On December 12 the German Empire proposed negotiations for peace, but as these were apparently to be founded upon the war-map as it then stood, and as they were accompanied by congratulatory messages about victory from the Kaiser to his troops, they were naturally not regarded as serious by the Allies. Our only guarantee that a nation will not make war whenever it likes is its knowledge that it cannot make peace when it likes, and this was the lesson which Germany was now to learn. By the unanimous decision of all the Allied nations no peace was possible which did not include terms which the Germans were still very far from considering—restitution of invaded countries, reparation for harm done, and adequate guarantees against similar unprovoked aggression in the future.
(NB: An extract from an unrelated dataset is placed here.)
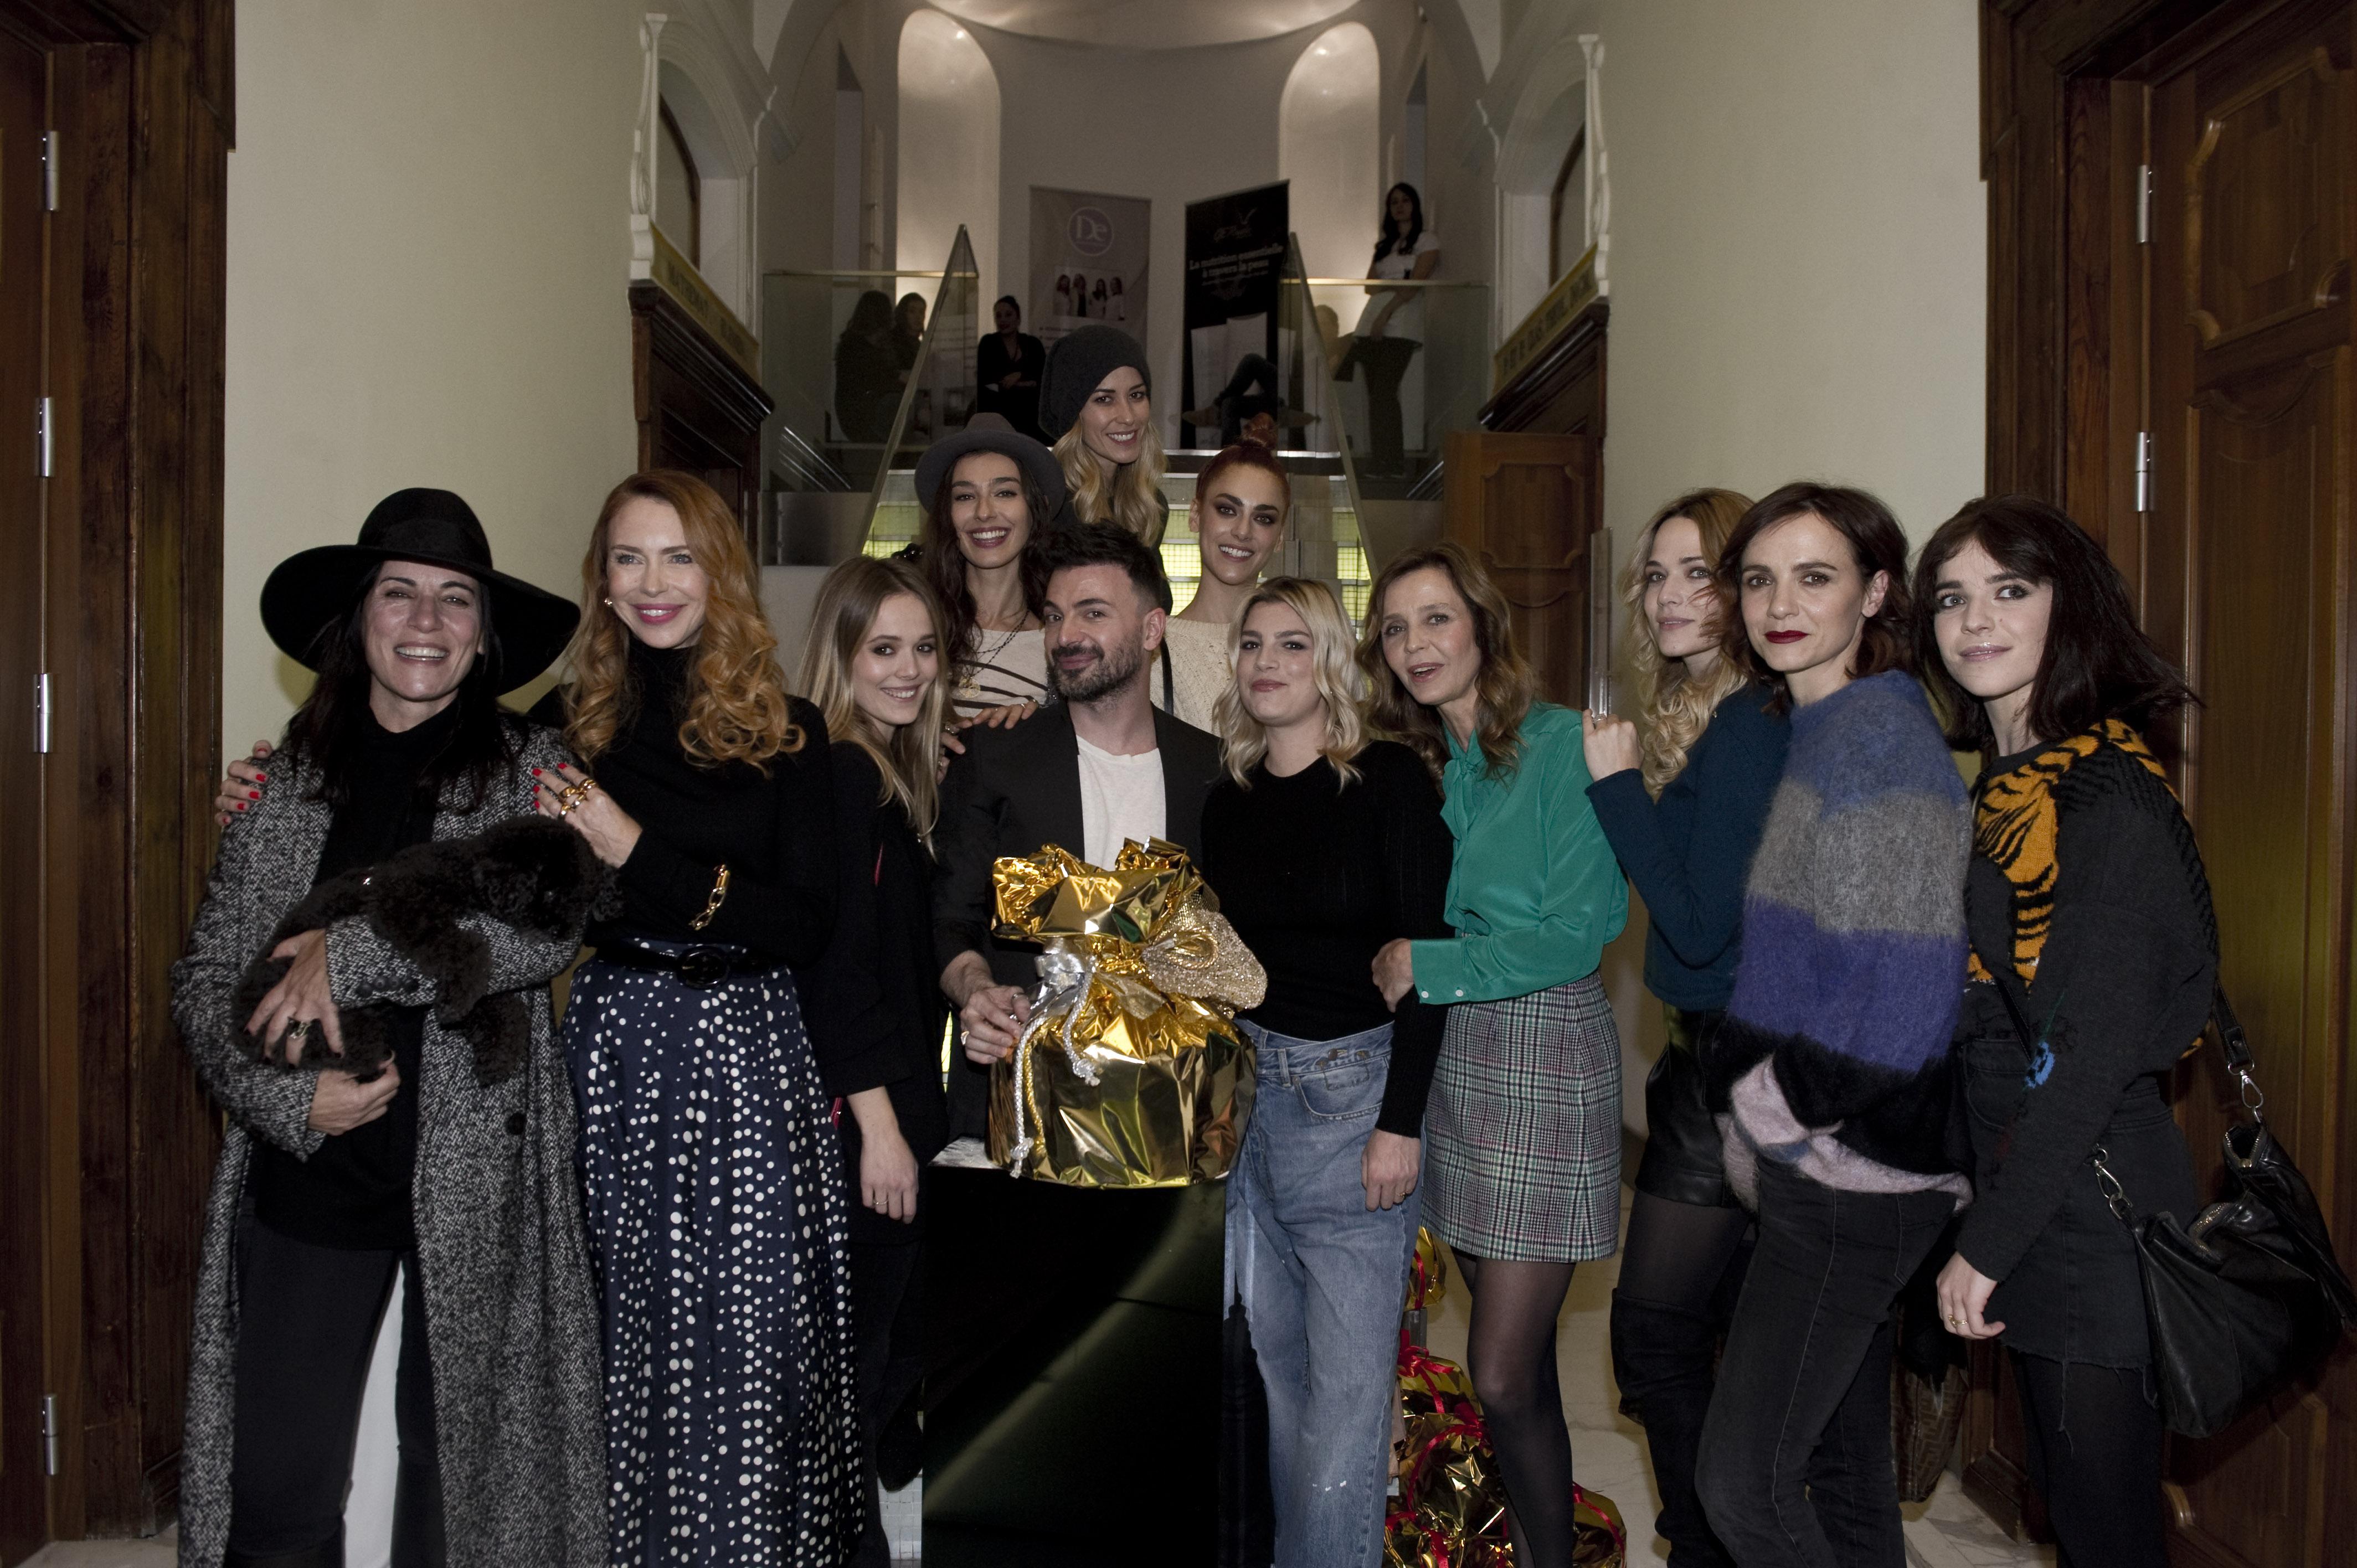 """<span class=""""entry-title-primary"""">Le star del cinema italiano riunite per il Christmas Beauty Day di Simone Belli</span> <span class=""""entry-subtitle"""">Tantissime celebrità del piccolo e del grande schermo nostrano si sono ritrovate durante l'evento dedicato al beauty e al benessere.</span>"""

Without these three conditions the War would indeed have been fought in vain.
This same month of December saw two of the great protagonists who had commenced the War retire from that stage upon which each had played a worthy part. The one was Mr. Asquith, who, weary from long labours, gave place to the fresh energy of Mr. Lloyd George. The other was "Father" Joffre, who bore upon his thick shoulders the whole weight of the early campaigns. Both names will live honourably in history.
And now as the year drew to its close, Germany, wounded and weary, saw as she glared round her at her enemies, a portent which must have struck a chill to her heart. Russian strength had been discounted and that of France was no new thing. But whence came this apparition upon her Western flank—a host raised, as it seemed, from nowhere, and yet already bidding fair to be equal to her own? Her public were still ignorant and blind, bemused by the journals which had told them so long, and with such humorous detail, that the British army was a paper army, the creature of a dream. Treitschke's foolish phrase, "The unwarlike Islanders," still lingered pleasantly in their memory. But the rulers, the men who knew, what must have been their feelings as they gazed upon that stupendous array, that vision of doom, a hundred miles from wing to wing, gleaming with two million bayonets, canopied with aeroplanes, fringed with iron-clad motor monsters, and backed by an artillery which numbered its guns by the thousand? Kitchener lay deep in the Orkney waves, but truly his spirit was thundering at their gates. His brain it was who first planted these seeds, but how could they have grown had the tolerant, long-suffering British nation not been made ready for it by all those long years of Teutonic insult, the ravings of crazy professors, and the insults of unbalanced publicists? All of these had a part in raising that great host, but others, too, can claim their share: the baby-killers of Scarborough, the Zeppelin murderers, the submarine pirates, all the agents of ruthlessness. Among them they had put life and spirit into this avenging apparition, where even now it could be said that every man in the battle line had come there of his own free will. Years of folly and of crime were crying for a just retribution. The instrument was here and the hour was drawing on.